Task to carry out. Repeat precisely the span of lines below that opens with the line containing "Eine aufgeweichte, zertretene" and closes with the line containing "Короли дворовых площадок: завершение", both included.

Data provided.
▼

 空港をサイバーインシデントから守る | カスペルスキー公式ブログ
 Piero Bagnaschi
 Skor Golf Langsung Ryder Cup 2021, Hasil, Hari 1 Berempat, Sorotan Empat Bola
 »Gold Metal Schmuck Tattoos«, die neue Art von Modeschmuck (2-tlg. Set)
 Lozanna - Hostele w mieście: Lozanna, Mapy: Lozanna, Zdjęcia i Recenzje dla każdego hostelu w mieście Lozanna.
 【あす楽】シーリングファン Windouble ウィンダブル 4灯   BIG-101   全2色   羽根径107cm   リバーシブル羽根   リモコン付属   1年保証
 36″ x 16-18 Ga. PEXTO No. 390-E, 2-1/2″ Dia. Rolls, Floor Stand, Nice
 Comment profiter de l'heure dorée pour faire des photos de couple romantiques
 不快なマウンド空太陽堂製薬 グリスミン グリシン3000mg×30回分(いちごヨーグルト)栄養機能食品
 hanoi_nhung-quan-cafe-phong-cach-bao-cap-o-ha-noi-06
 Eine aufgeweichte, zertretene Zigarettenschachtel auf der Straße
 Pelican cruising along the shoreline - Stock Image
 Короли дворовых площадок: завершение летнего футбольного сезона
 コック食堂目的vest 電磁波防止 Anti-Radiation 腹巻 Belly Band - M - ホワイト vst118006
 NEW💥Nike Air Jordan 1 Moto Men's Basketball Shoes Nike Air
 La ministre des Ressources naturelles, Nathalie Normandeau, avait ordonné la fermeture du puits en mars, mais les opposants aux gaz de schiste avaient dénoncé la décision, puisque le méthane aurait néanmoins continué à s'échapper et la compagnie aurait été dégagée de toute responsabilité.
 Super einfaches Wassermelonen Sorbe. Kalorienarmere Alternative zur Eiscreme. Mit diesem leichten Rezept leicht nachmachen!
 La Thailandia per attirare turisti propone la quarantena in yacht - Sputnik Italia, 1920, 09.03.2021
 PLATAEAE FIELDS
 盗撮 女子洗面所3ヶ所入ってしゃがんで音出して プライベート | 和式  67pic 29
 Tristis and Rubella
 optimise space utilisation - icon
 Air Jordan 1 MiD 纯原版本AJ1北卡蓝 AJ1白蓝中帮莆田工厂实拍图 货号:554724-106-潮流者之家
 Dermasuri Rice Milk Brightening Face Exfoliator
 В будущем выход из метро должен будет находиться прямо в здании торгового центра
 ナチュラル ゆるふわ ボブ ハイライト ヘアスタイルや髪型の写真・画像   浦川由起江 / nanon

▲

Problem solution.
 Eine aufgeweichte, zertretene Zigarettenschachtel auf der Straße
 Pelican cruising along the shoreline - Stock Image
 Короли дворовых площадок: завершение летнего футбольного сезона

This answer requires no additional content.